*Task statement:* Copy, word for word, each line of the data below from the first through the line containing "Roi Et Reine", and stop there.

(Stored dataset items)
---

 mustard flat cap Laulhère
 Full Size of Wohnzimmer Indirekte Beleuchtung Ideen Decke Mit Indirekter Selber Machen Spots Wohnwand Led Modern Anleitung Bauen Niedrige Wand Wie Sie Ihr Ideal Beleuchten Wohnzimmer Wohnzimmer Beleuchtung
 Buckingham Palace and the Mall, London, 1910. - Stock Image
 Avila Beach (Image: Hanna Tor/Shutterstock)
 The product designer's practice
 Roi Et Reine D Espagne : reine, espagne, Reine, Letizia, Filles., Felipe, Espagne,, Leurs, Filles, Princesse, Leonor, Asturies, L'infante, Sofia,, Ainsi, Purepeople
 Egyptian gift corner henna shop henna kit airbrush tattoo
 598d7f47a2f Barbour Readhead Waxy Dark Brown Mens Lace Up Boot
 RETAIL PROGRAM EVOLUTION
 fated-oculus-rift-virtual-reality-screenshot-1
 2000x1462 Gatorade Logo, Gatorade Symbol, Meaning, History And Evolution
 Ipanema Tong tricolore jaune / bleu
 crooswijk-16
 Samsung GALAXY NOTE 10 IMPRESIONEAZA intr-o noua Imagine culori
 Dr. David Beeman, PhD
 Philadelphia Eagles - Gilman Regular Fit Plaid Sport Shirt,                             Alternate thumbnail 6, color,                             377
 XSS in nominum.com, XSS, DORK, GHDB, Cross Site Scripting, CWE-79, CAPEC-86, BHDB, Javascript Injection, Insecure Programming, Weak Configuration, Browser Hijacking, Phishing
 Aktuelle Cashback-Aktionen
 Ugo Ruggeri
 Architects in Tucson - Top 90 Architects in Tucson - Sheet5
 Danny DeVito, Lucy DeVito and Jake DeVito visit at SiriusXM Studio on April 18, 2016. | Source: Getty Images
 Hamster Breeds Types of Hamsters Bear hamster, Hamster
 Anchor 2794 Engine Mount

---

*Solution for this task:*
 mustard flat cap Laulhère
 Full Size of Wohnzimmer Indirekte Beleuchtung Ideen Decke Mit Indirekter Selber Machen Spots Wohnwand Led Modern Anleitung Bauen Niedrige Wand Wie Sie Ihr Ideal Beleuchten Wohnzimmer Wohnzimmer Beleuchtung
 Buckingham Palace and the Mall, London, 1910. - Stock Image
 Avila Beach (Image: Hanna Tor/Shutterstock)
 The product designer's practice
 Roi Et Reine D Espagne : reine, espagne, Reine, Letizia, Filles., Felipe, Espagne,, Leurs, Filles, Princesse, Leonor, Asturies, L'infante, Sofia,, Ainsi, Purepeople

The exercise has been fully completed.